Même le député néerlandais auteur du rapport du Conseil de l’Europe, Pieter Omtzigt, juge avoir travaillé à Malte dans des conditions difficiles. «Keith Schembri, Konrad Mizzi et Chris Cardona [le chef de cabinet du Premier ministre et deux ministres qui ont quitté leurs fonctions car suspectés d’être mêlés à l’affaire, ndlr] ont refusé de me rencontrer pour répondre à mes questions, explique le député. Et une fois le rapport publié, ils l’ont accusé d’être truffé d’erreurs sans en apporter la preuve. Au même moment ma page Wikipédia a été modifiée de manière diffamatoire depuis une adresse IP maltaise.»

Depuis l’arrestation de Yorgen Fenech, l’un des hommes d’affaires les plus influents de l’île, les critiques envers le Premier ministre et les appels à la démission se multiplient. D’après les éléments de l’enquête qui ont fuité dans la presse locale, Joseph Muscat a continué à rencontrer Yorgen Fenech bien qu’il l’ait su suspecté d’être mêlé à la mort de la journaliste : il a même signé en personne l’ordre de le mettre sur écoute, une responsabilité qui incombe normalement au ministre de l’Intérieur.

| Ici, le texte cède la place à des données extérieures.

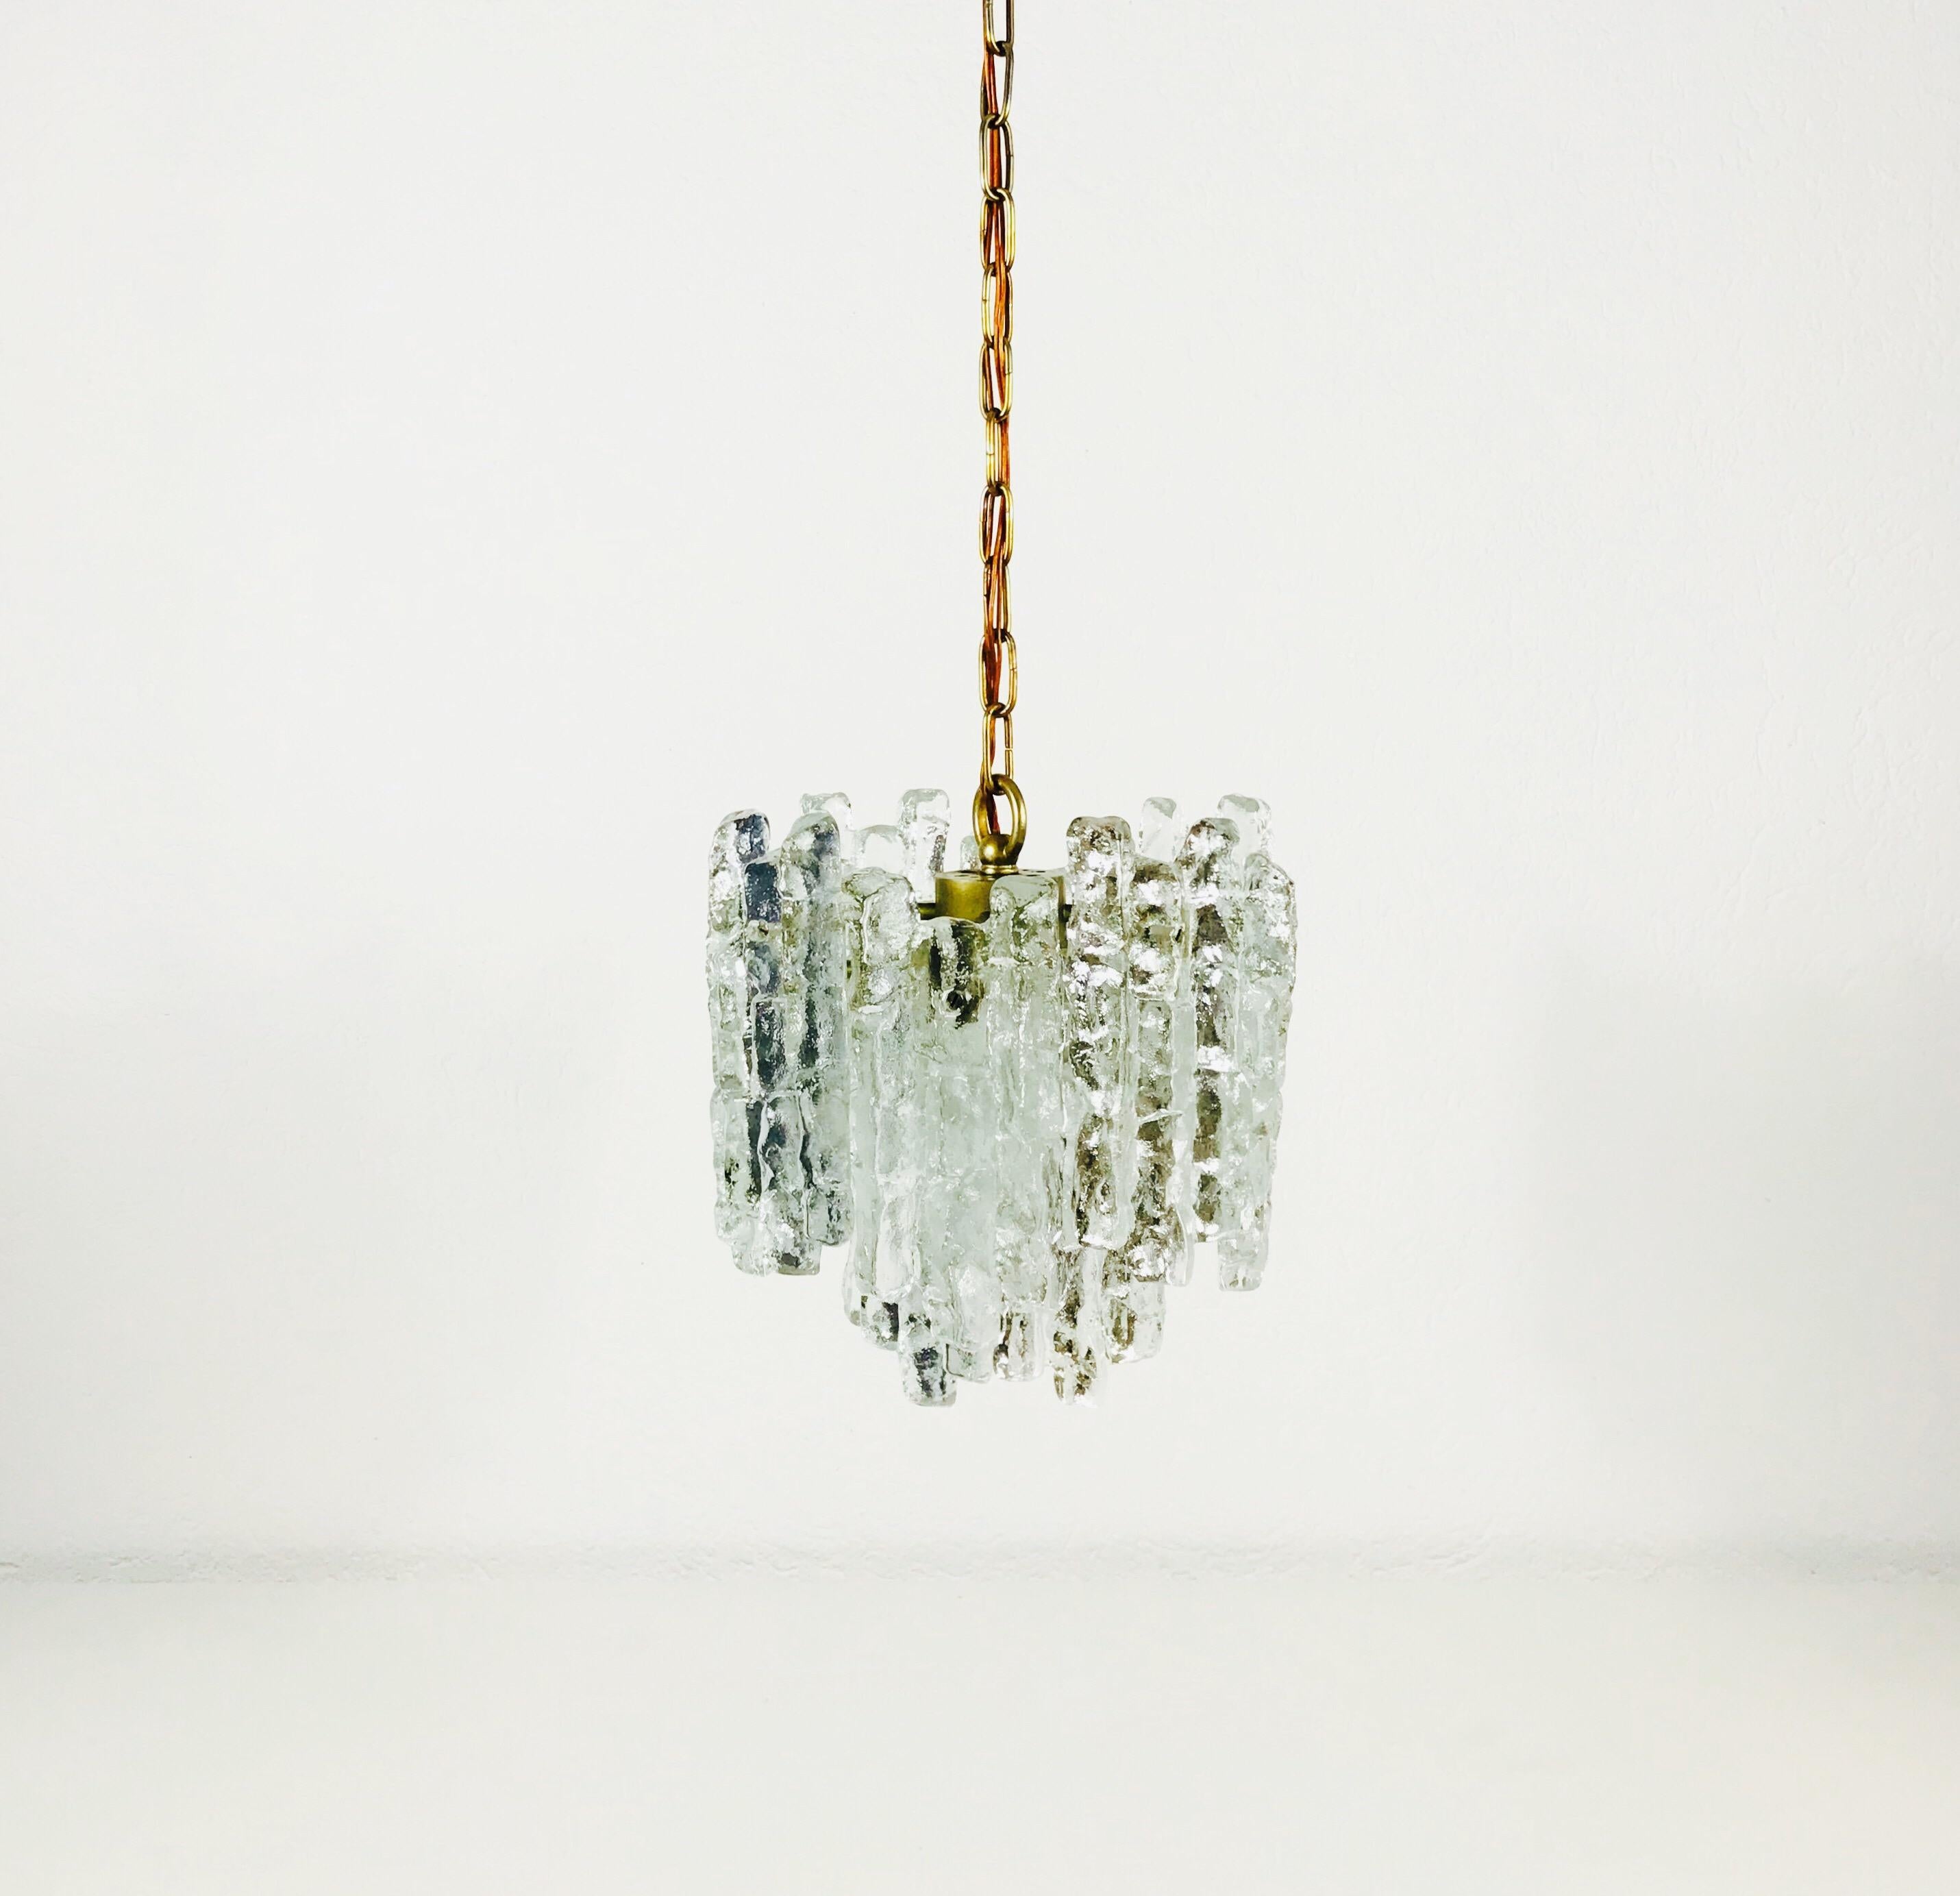 Brass Midcentury Ice Crystal Glass Pendant Light or Chandelier by Kalmar, circa 1960s For Sale

«Nouvelle ingérence potentielle du Premier ministre»

Plus grave encore, le Premier ministre a toujours défendu et protégé son ami et ancien chef de cabinet Keith Schembri, pointé du doigt à de nombreuses reprises par Daphne Caruana Galizia et désormais décrit comme le «cerveau» du meurtre par Yorgen Fenech. Il lui aurait même donné accès aux briefings des services secrets qui le tenaient au courant des avancées de l’enquête. Dans la nuit de jeudi à vendredi, Keith Schembri a été relâché moins de trois jours après son arrestation. Aucune charge n’a été retenue contre lui. «Joseph Muscat est dans une position difficile, qu’il ait des choses à se reprocher ou non, parce qu’il n’a pas mis en place les réformes qui auraient permis une meilleure séparation entre l’exécutif et le judiciaire, estime Pieter Omtzigt. Il a au contraire choisi d’agir comme porte-parole de la police depuis l’arrestation de Melvin Theuma.»

Pour ne rien arranger, la question des immunités judiciaires place elle aussi le Premier ministre au centre du jeu. Avant de se mettre à table, l’intermédiaire Melvin Theuma en a obtenue une, qui devrait lui éviter toutes poursuites dans cette affaire, et Yorgen Fenech a ensuite réclamé le même traitement. Or c’est en dernier lieu à Joseph Muscat de décider d’accorder ou non ces immunités, ce qui laisse planer le risque qu’il continue à protéger ses proches. La question est d’autant plus prégnante que Reuters a révélé que l’un des assassins présumés avait désigné dès avril 2018 Melvin Theuma comme intermédiaire, sans obtenir d’immunité en retour. «C’est une question qui pointe une nouvelle ingérence potentielle du Premier ministre dans l’enquête. On craint qu’il cherche à accorder des immunités pour protéger des personnes impliquées dans le meurtre, plutôt que pour faire avancer l’enquête, explique Pauline Adès-Mevel. Mais aujourd’hui les faits exposés sont tels que la position de Joseph Muscat va être difficile à tenir s’il cherche à épargner des proches.»

Malgré tous ses manquements pendant deux ans dans l’affaire Caruana Galizia, la justice maltaise reste performante dans d’autres domaines. Même à titre posthume, la journaliste est toujours poursuivie pour diffamation dans 47 affaires.